Problem description >> Return every line below as is, leaving out the pictures.

Dataset section >>
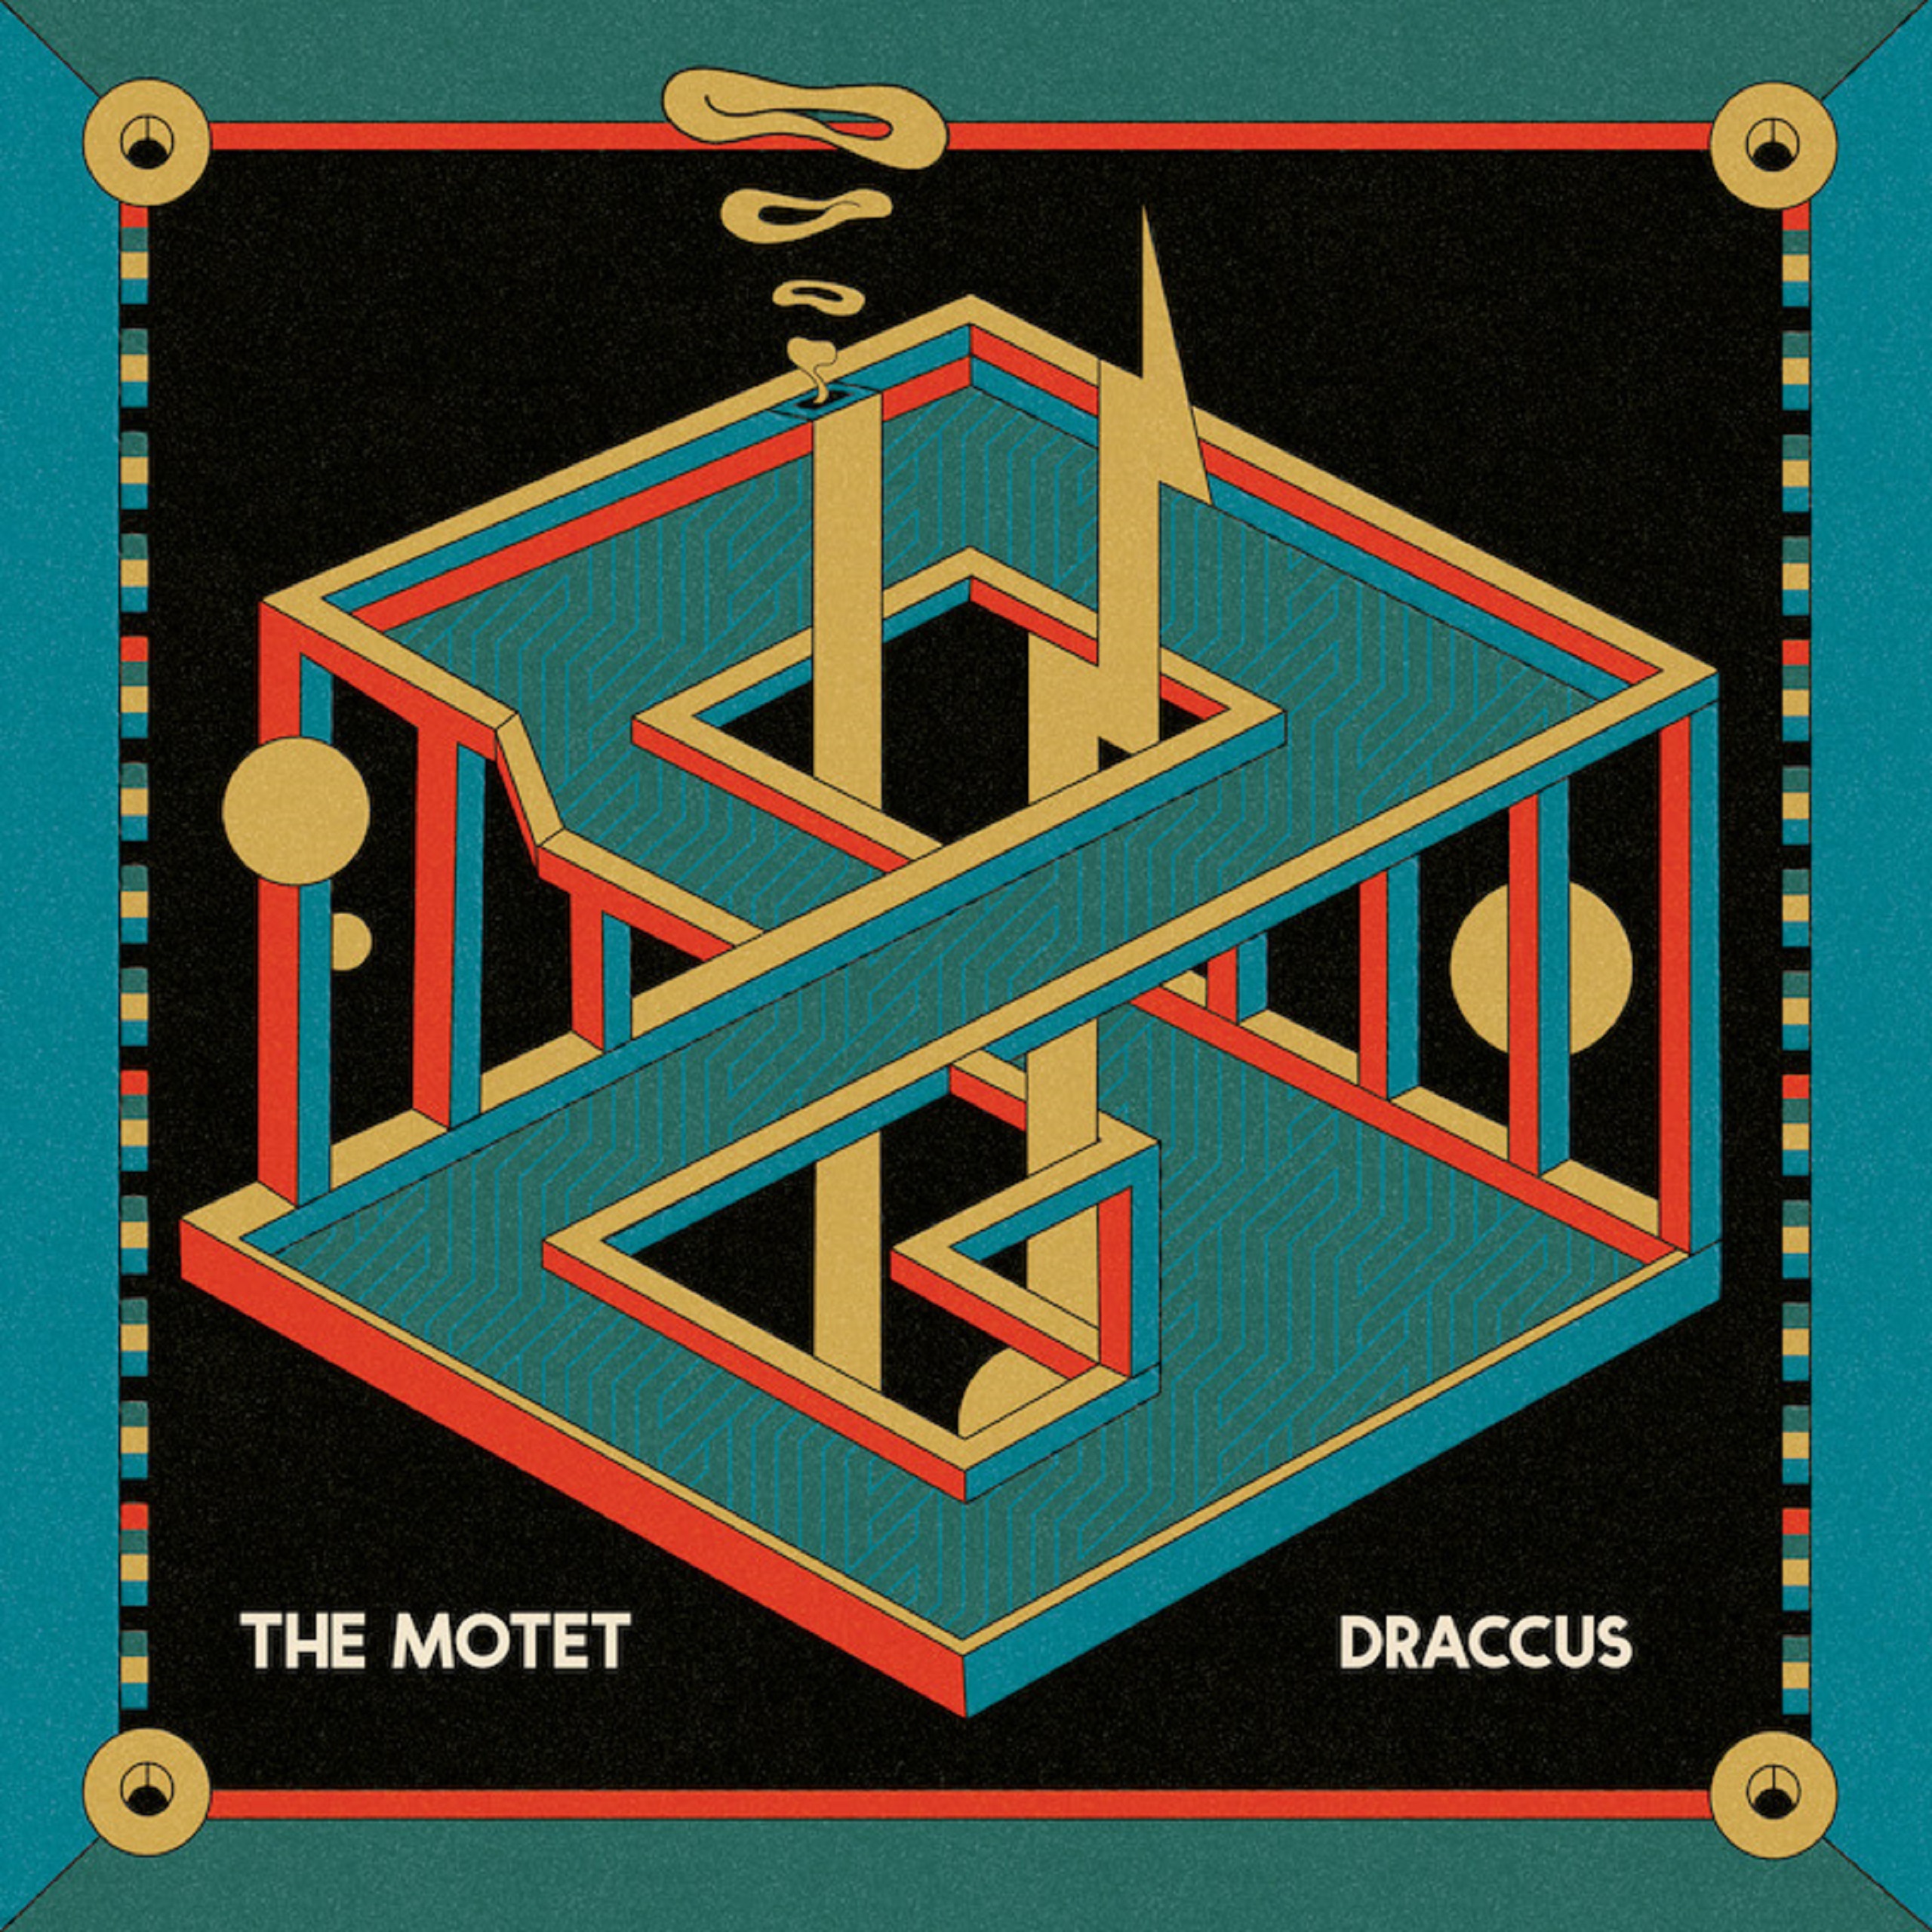 Funk, jazz & soul quintet The Motet drop instrumental LP single "Draccus"
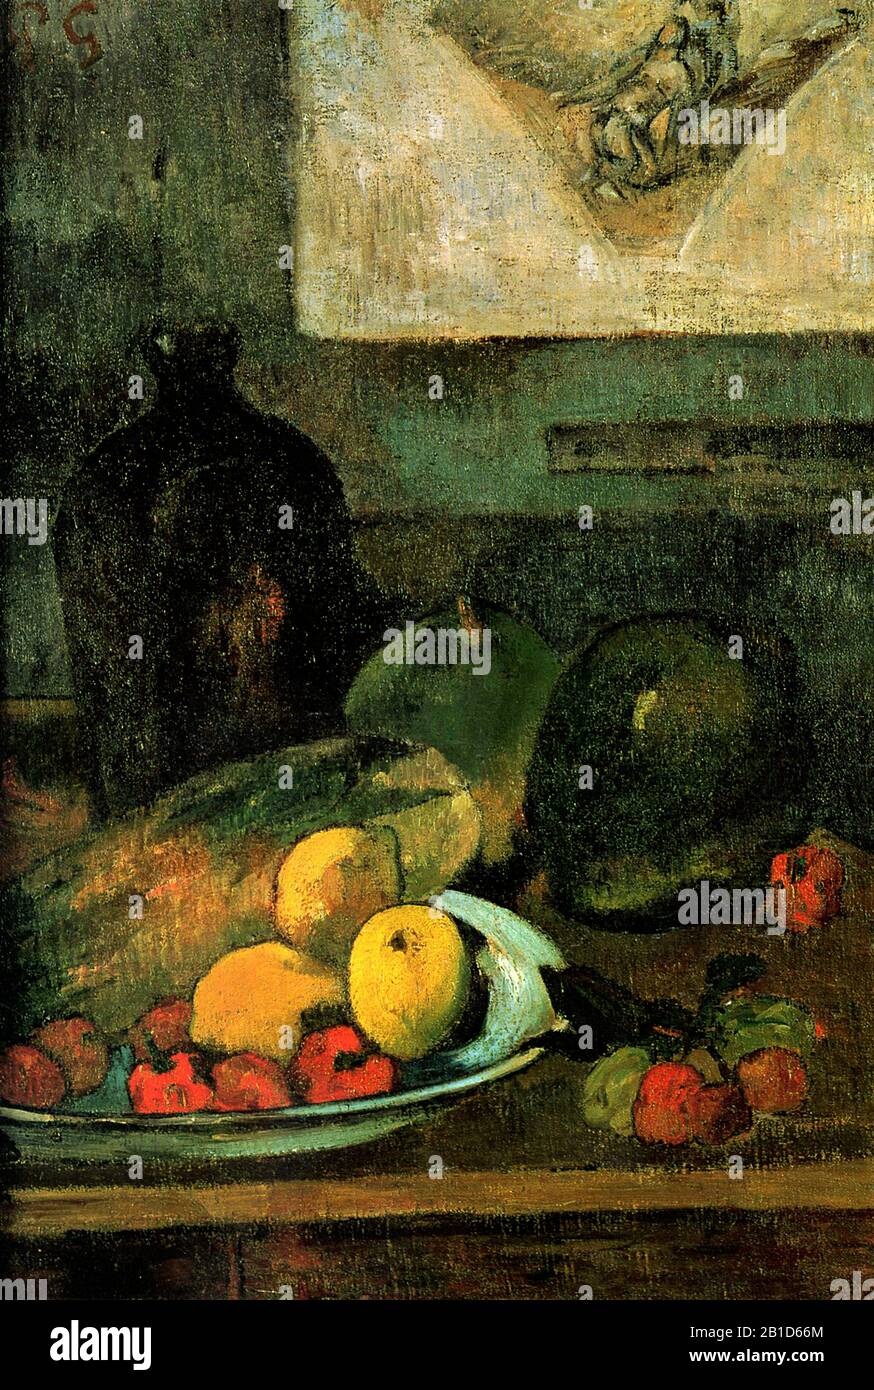 La vie encore devant une gravure de Delacroix (1895) 19ème siècle Peinture de Paul Gauguin - Très haute résolution et image de qualité Banque D'Images
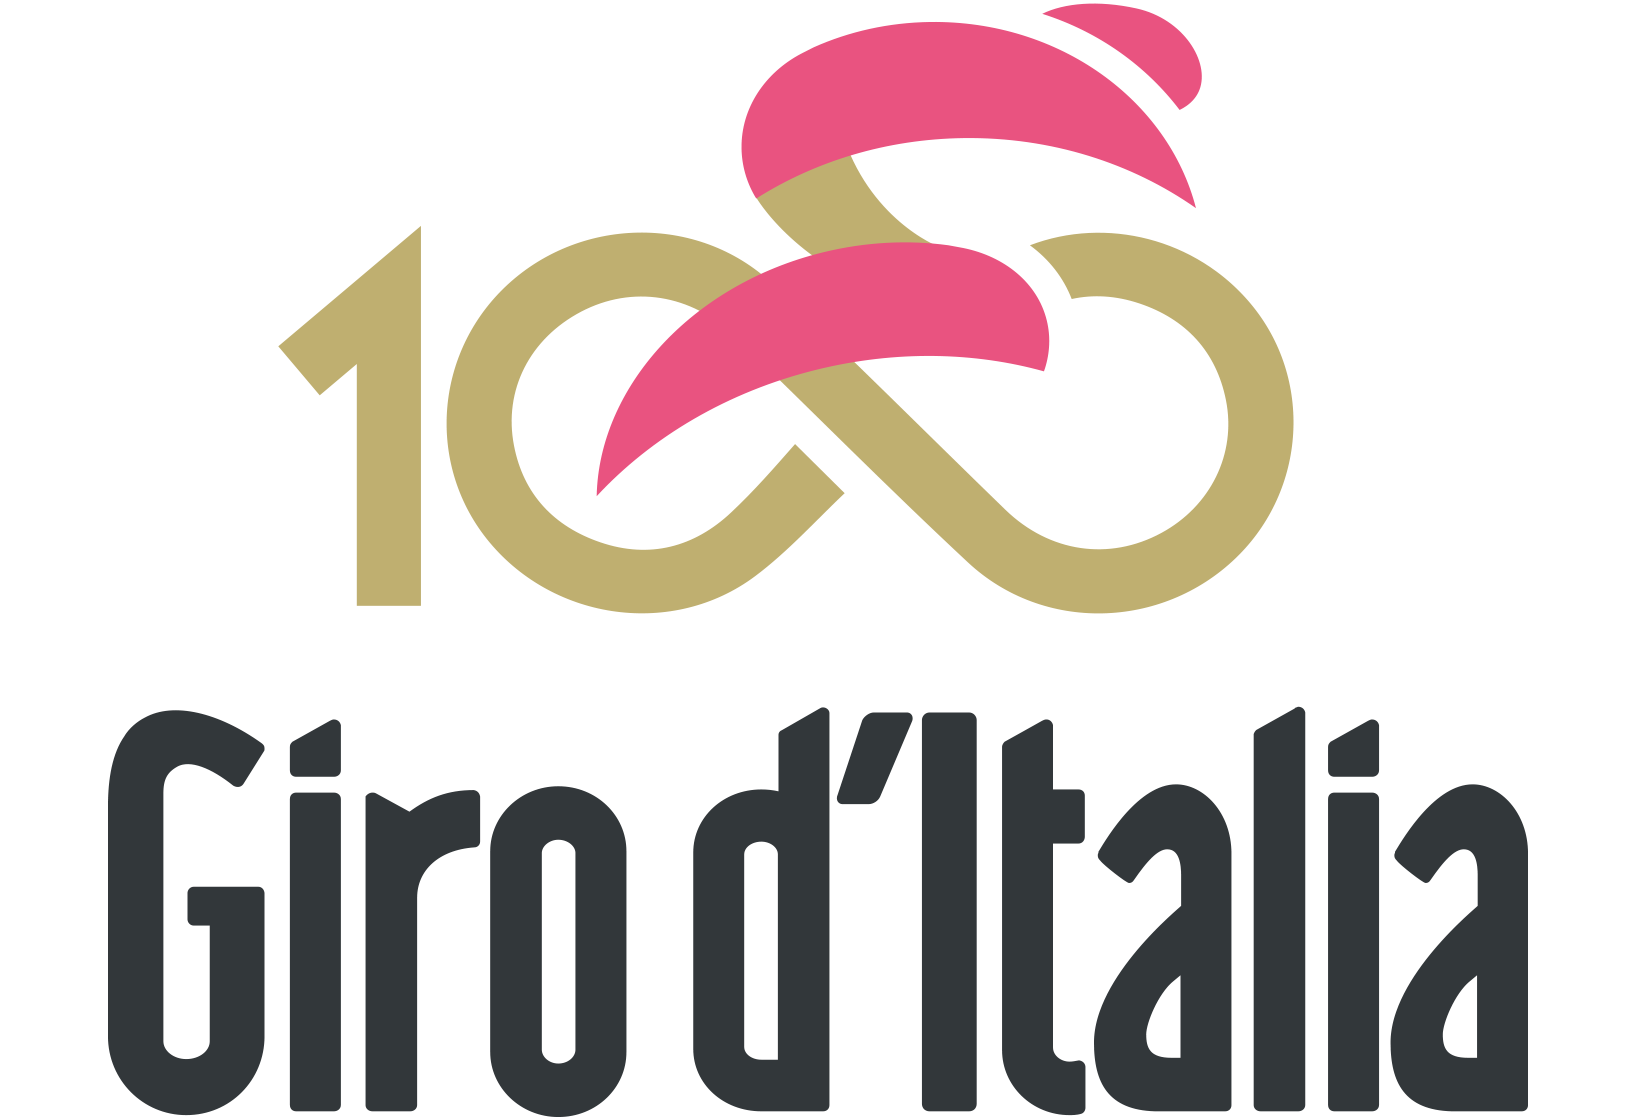 El Giro del centenario saldrá de Cerdeña y promete un recorrido montañoso
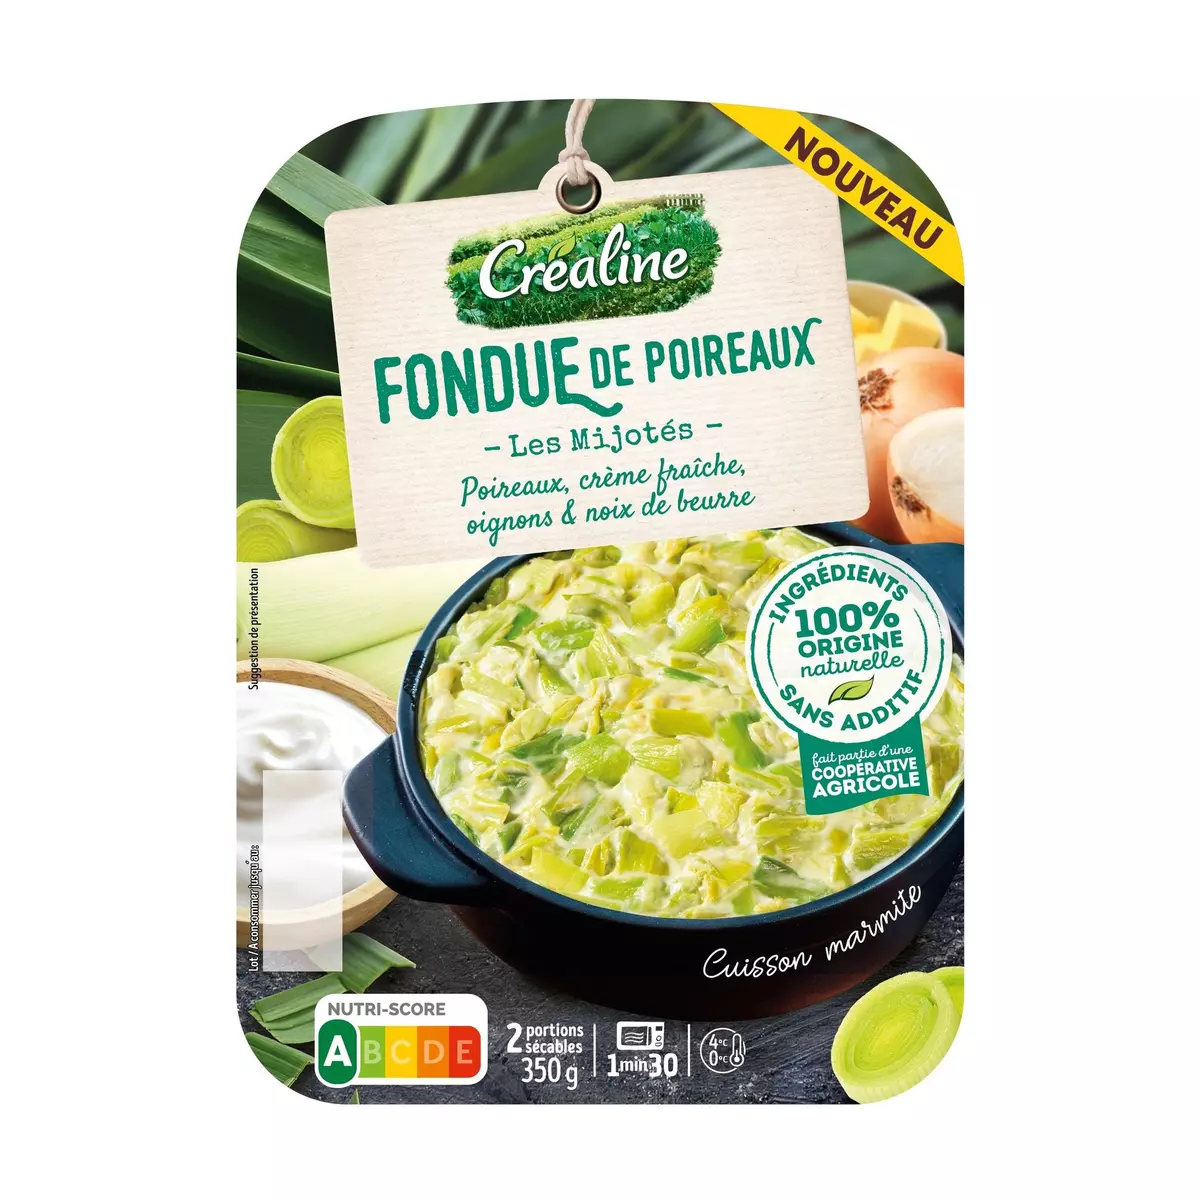 CREALINE Fondue de poireaux 2 portions 2x175g

Result of this task >>
 Funk, jazz & soul quintet The Motet drop instrumental LP single "Draccus"
 La vie encore devant une gravure de Delacroix (1895) 19ème siècle Peinture de Paul Gauguin - Très haute résolution et image de qualité Banque D'Images
 El Giro del centenario saldrá de Cerdeña y promete un recorrido montañoso
 CREALINE Fondue de poireaux 2 portions 2x175g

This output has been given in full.